- _WORK ORDER_: The data below should be retyped exactly, with the pictures left out.

- _DATA SECTION_:
********************
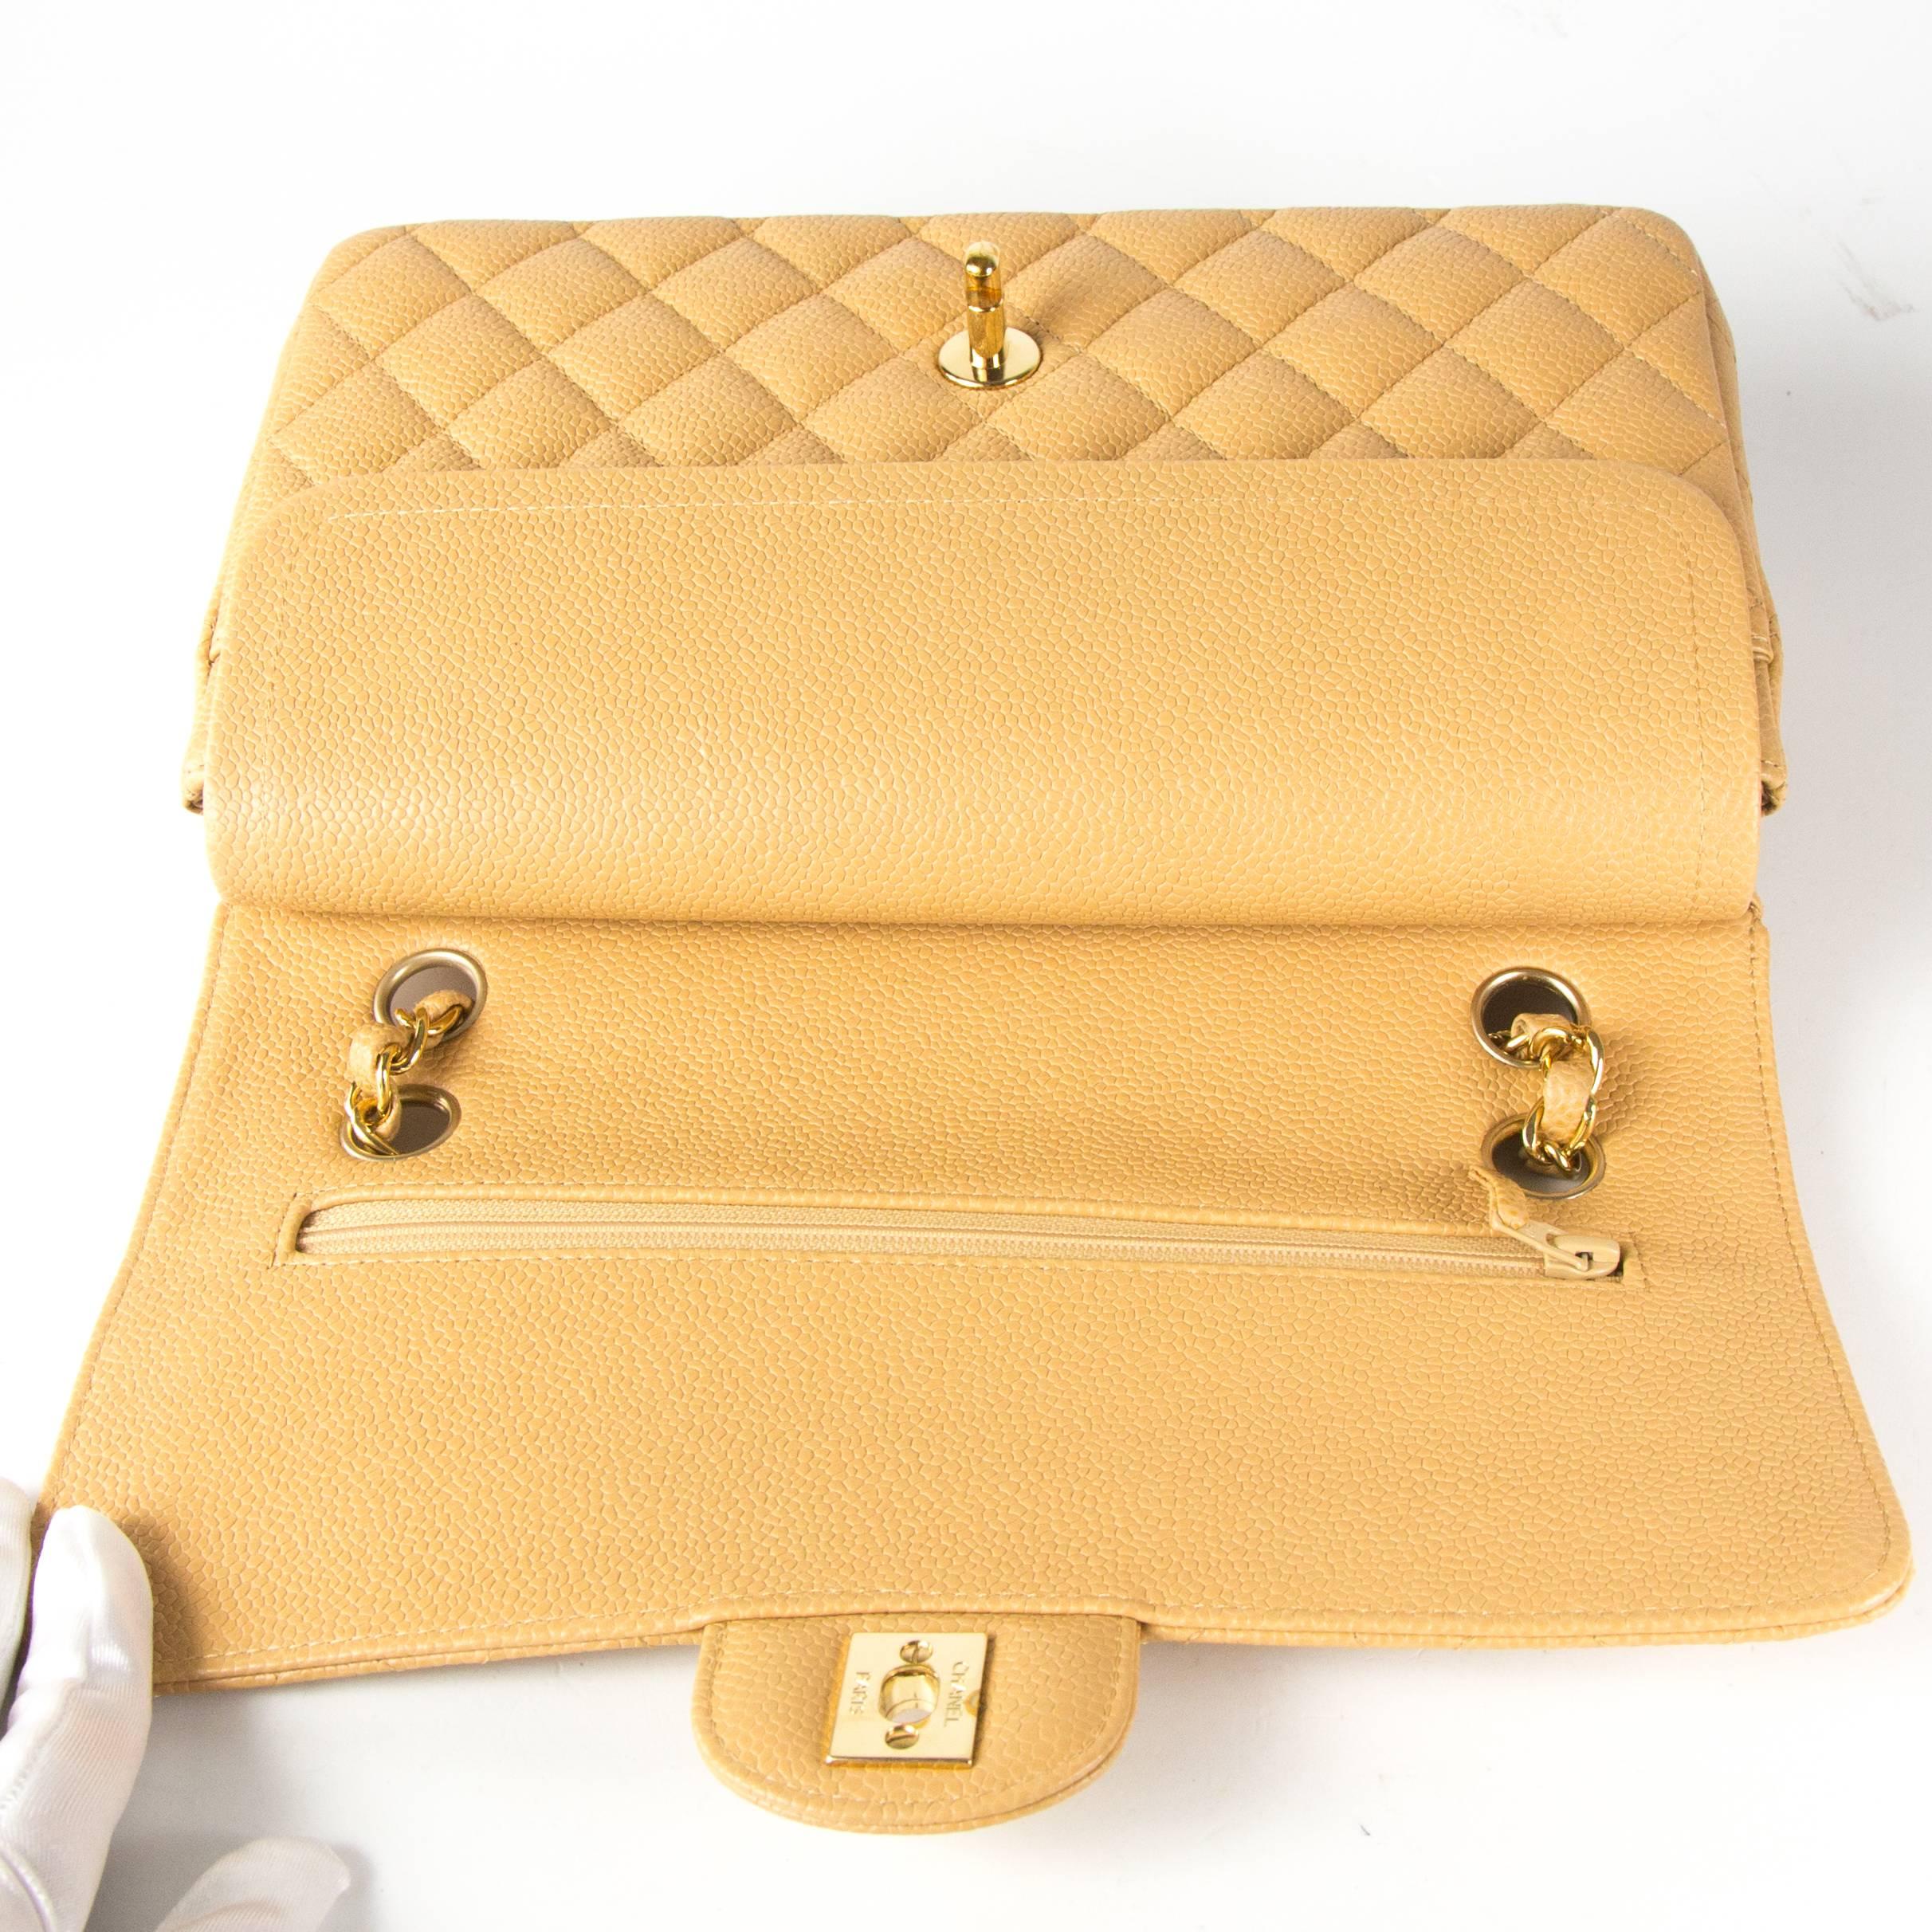 Chanel Caviar Double Flap Bag - Tan Beige Quilted Leather Medium CC Gold Handbag In Good Condition In Prahran, Victoria
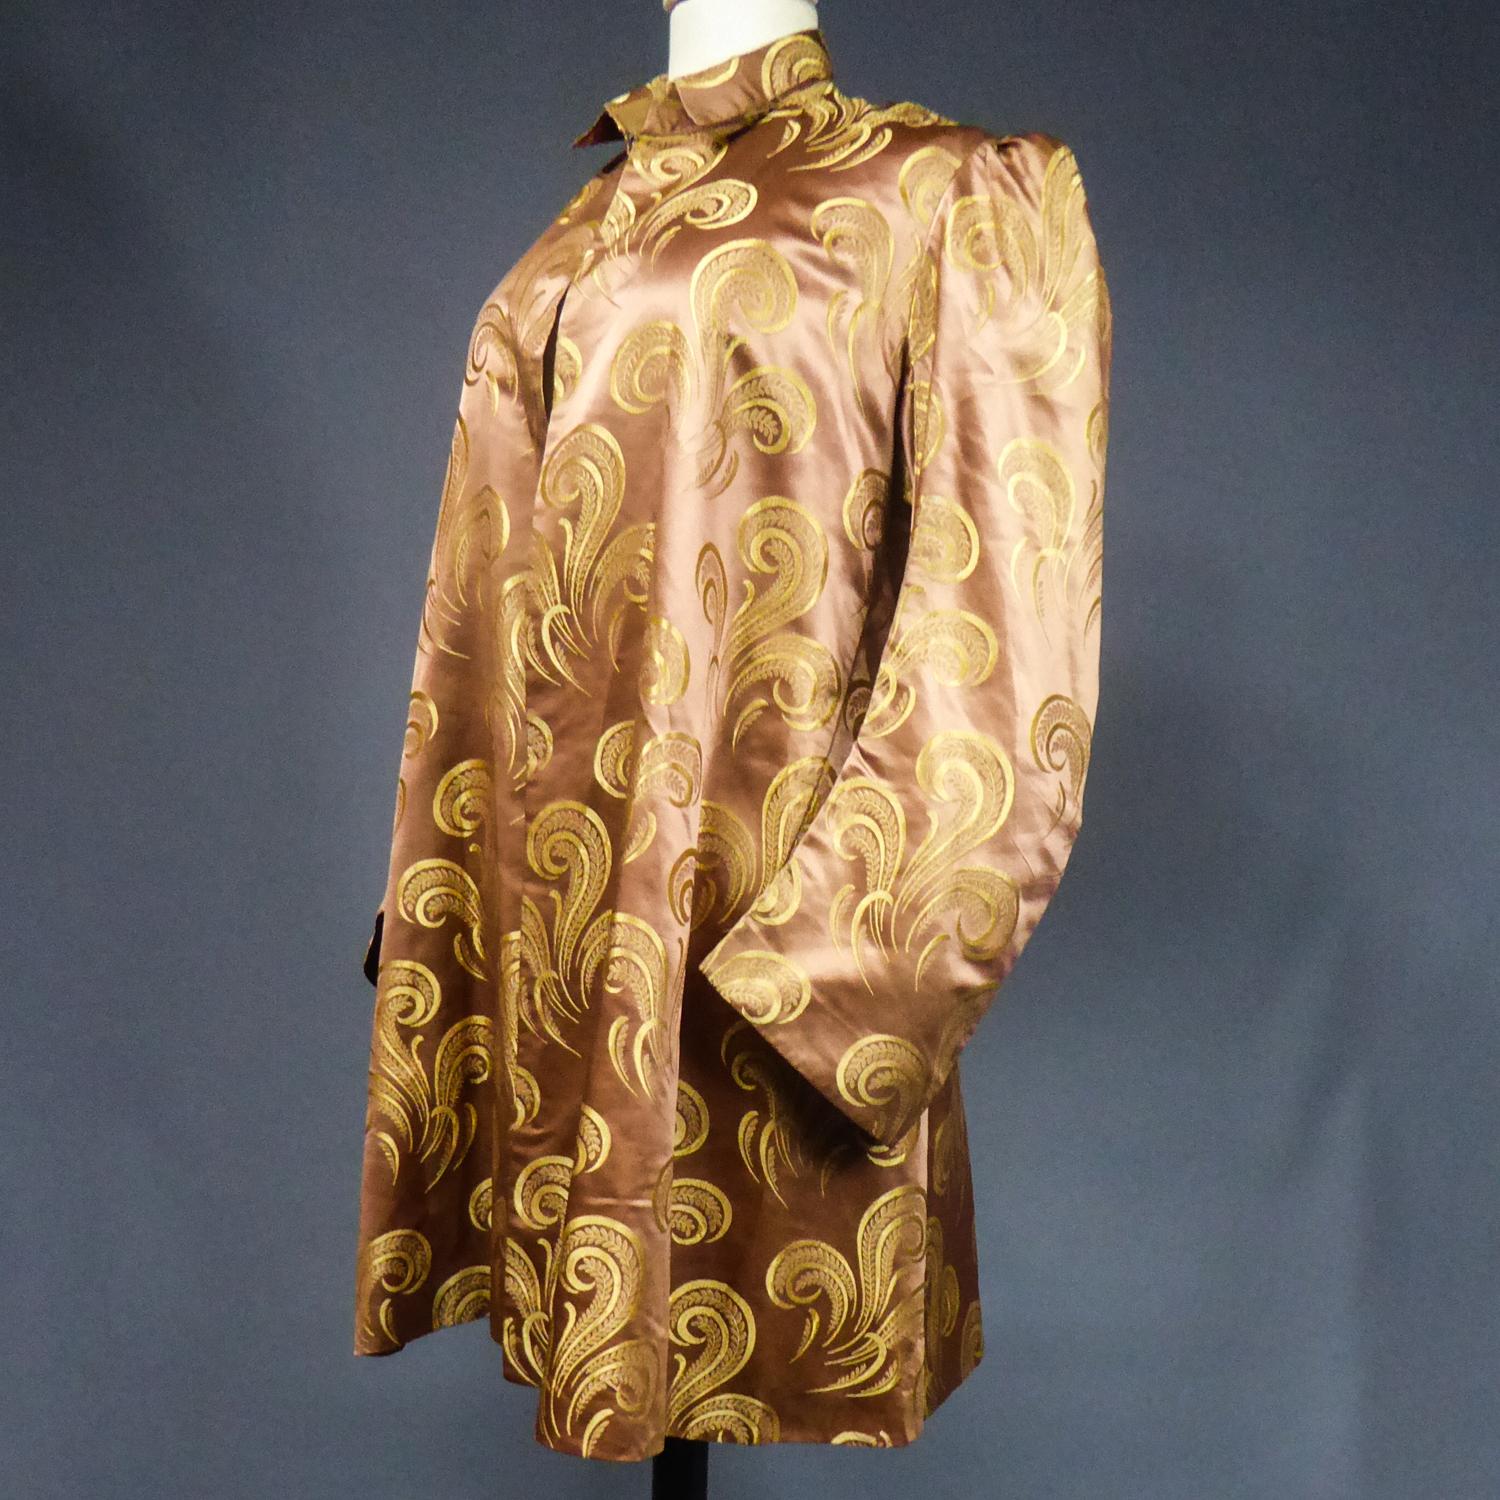 Circa 1930/1950
France

Amazing evening or party jacket inspired by Amazone style, in brown silk satin with gold stylized patterns in volutes, feathers and panaches. This is a reuse of an older dress because the Brocaded satin silk is to date
********************
- _YOUR SOLUTION_:
 Chanel Caviar Double Flap Bag - Tan Beige Quilted Leather Medium CC Gold Handbag In Good Condition In Prahran, Victoria
 Circa 1930/1950
France

Amazing evening or party jacket inspired by Amazone style, in brown silk satin with gold stylized patterns in volutes, feathers and panaches. This is a reuse of an older dress because the Brocaded satin silk is to date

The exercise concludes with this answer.